INPUT DATA:
◇ ◇ ◇ ◇ ◇

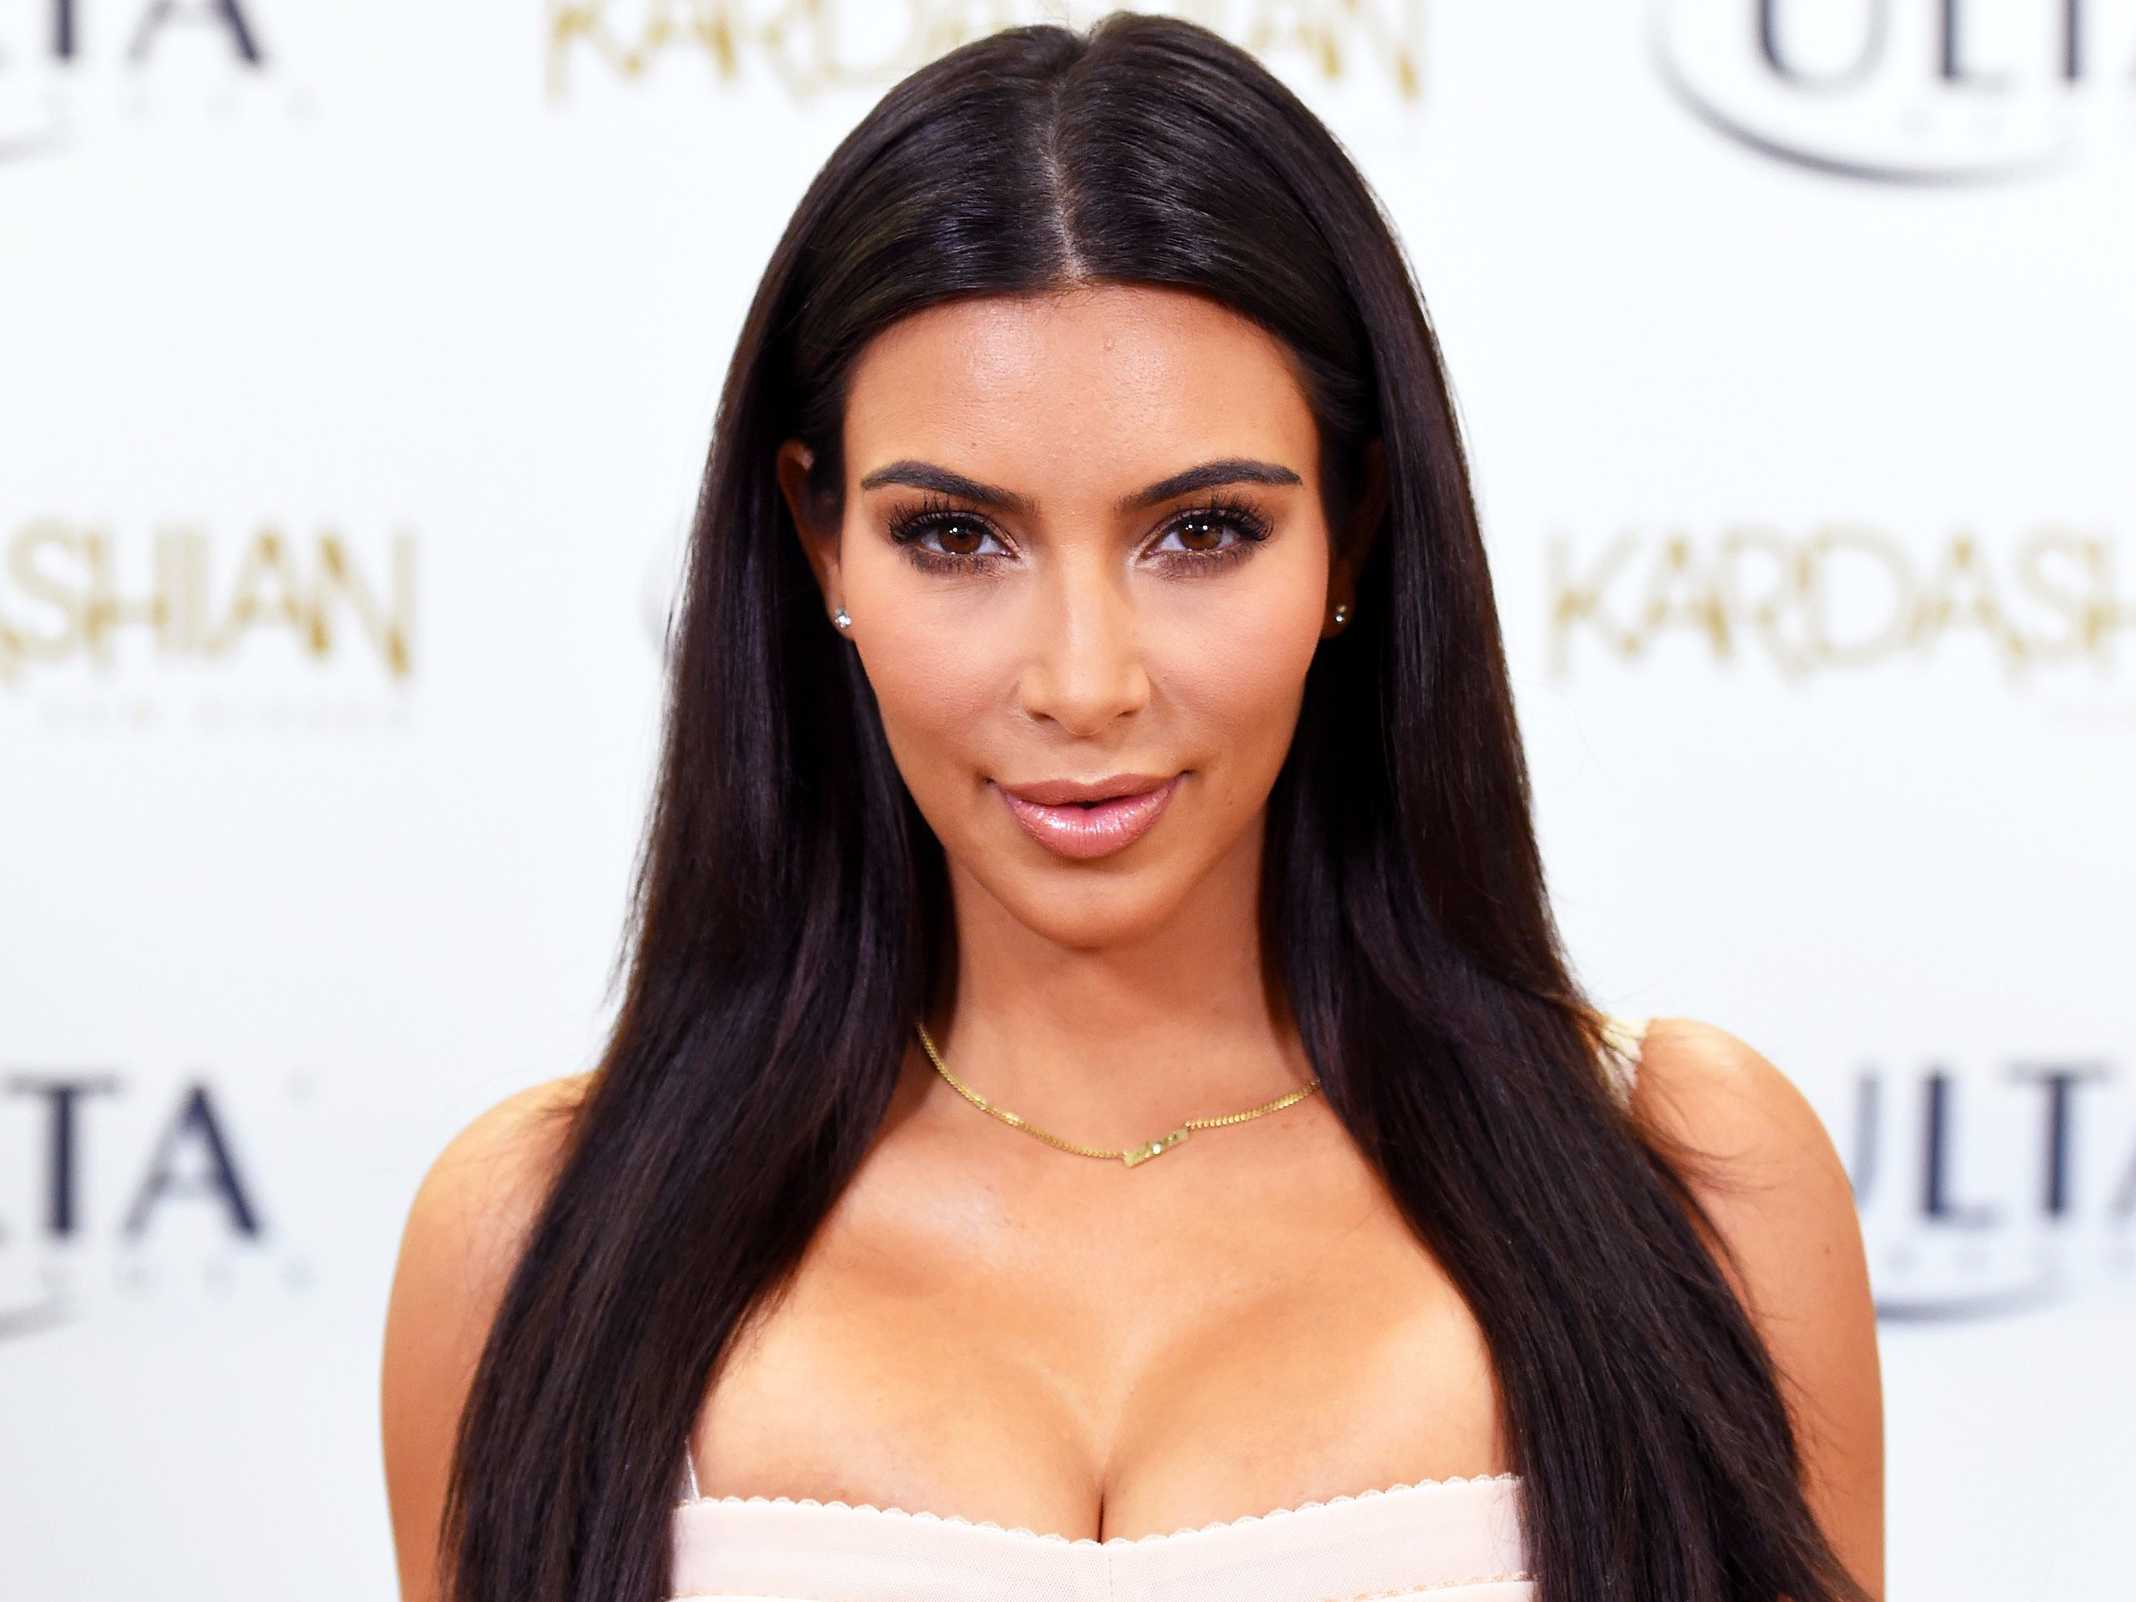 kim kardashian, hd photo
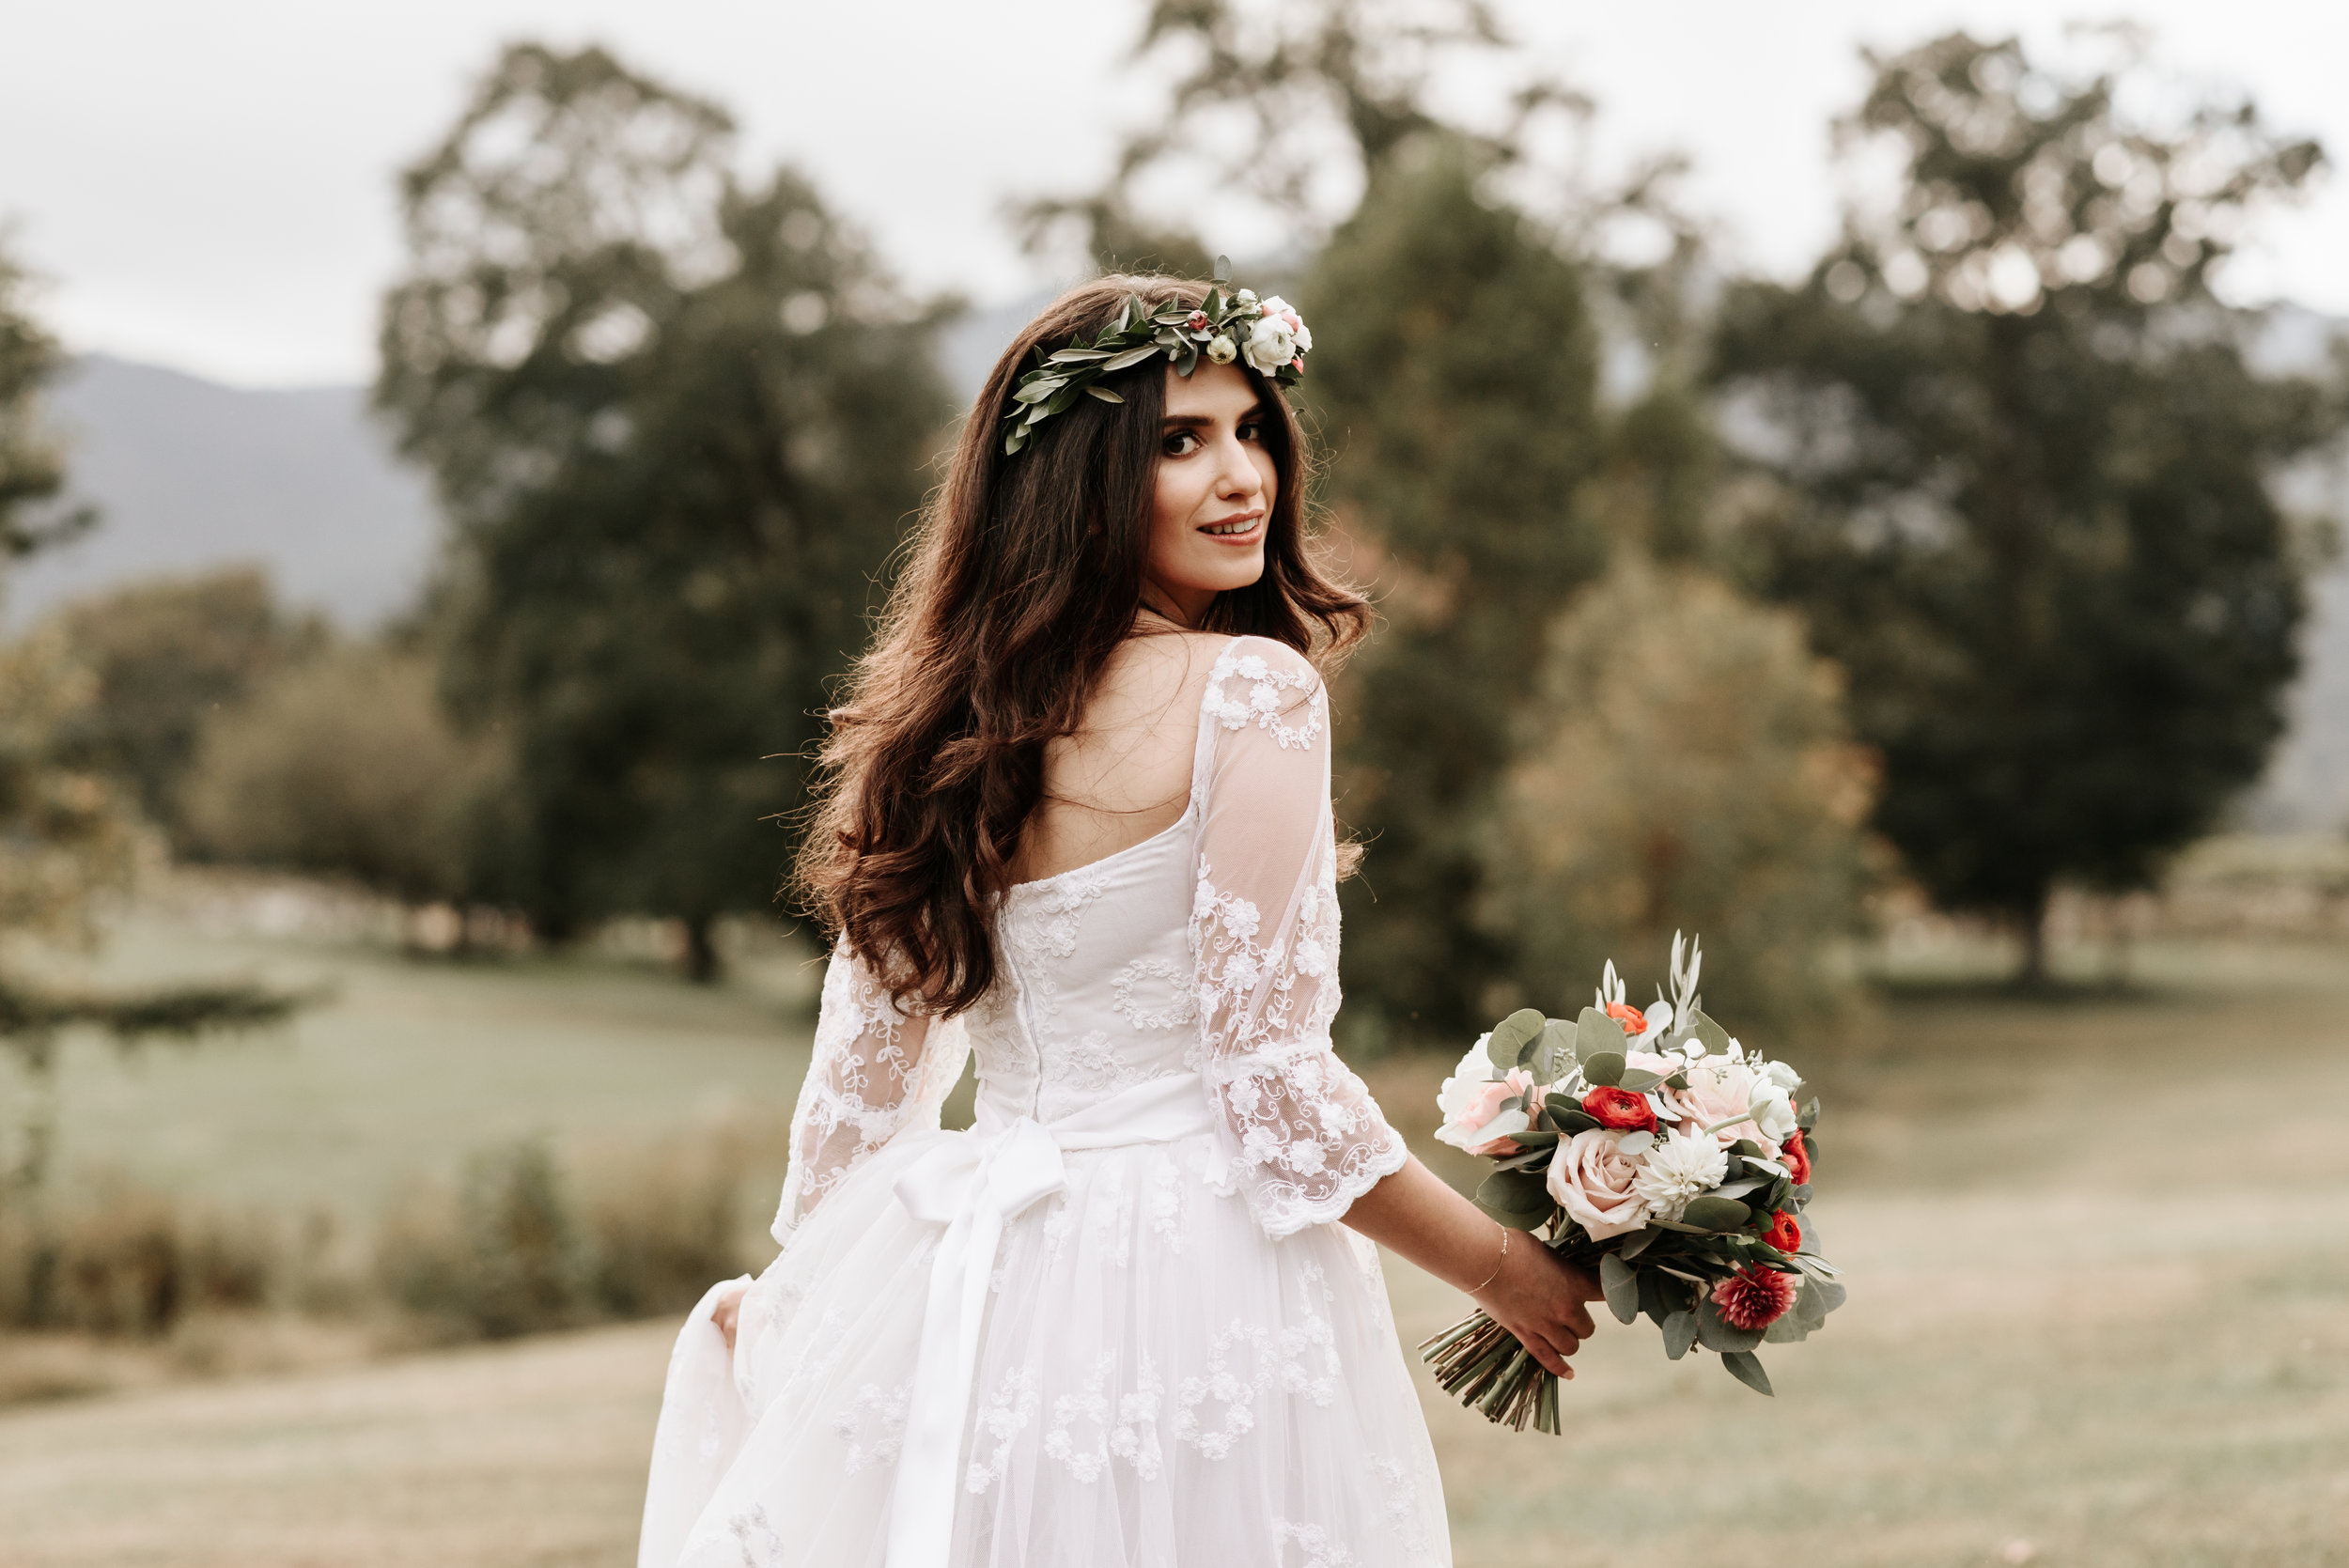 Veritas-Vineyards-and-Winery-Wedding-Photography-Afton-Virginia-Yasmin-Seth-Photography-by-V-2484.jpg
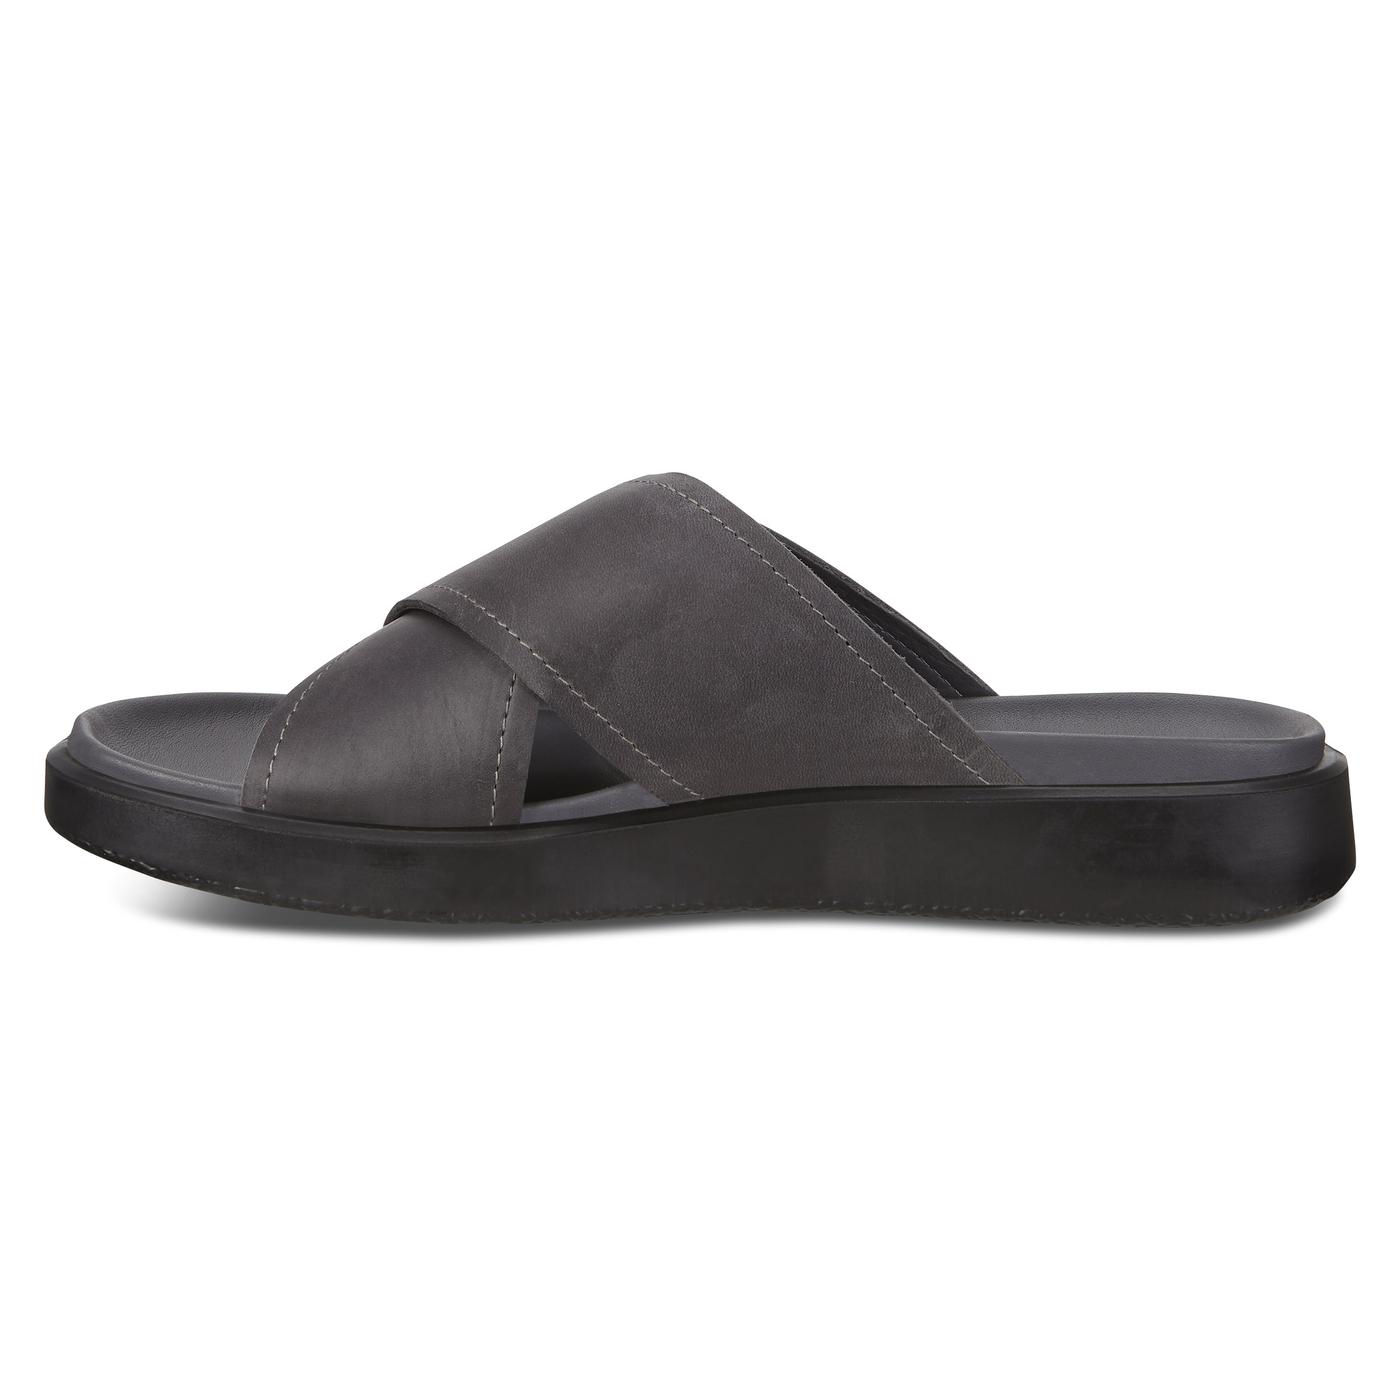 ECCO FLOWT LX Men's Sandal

◇ ◇ ◇ ◇ ◇

PROBLEM REQUIREMENTS: Without the pictures, write out all of the material exactly.

SOLUTION TO THIS EXERCISE:
 kim kardashian, hd photo
 Veritas-Vineyards-and-Winery-Wedding-Photography-Afton-Virginia-Yasmin-Seth-Photography-by-V-2484.jpg
 ECCO FLOWT LX Men's Sandal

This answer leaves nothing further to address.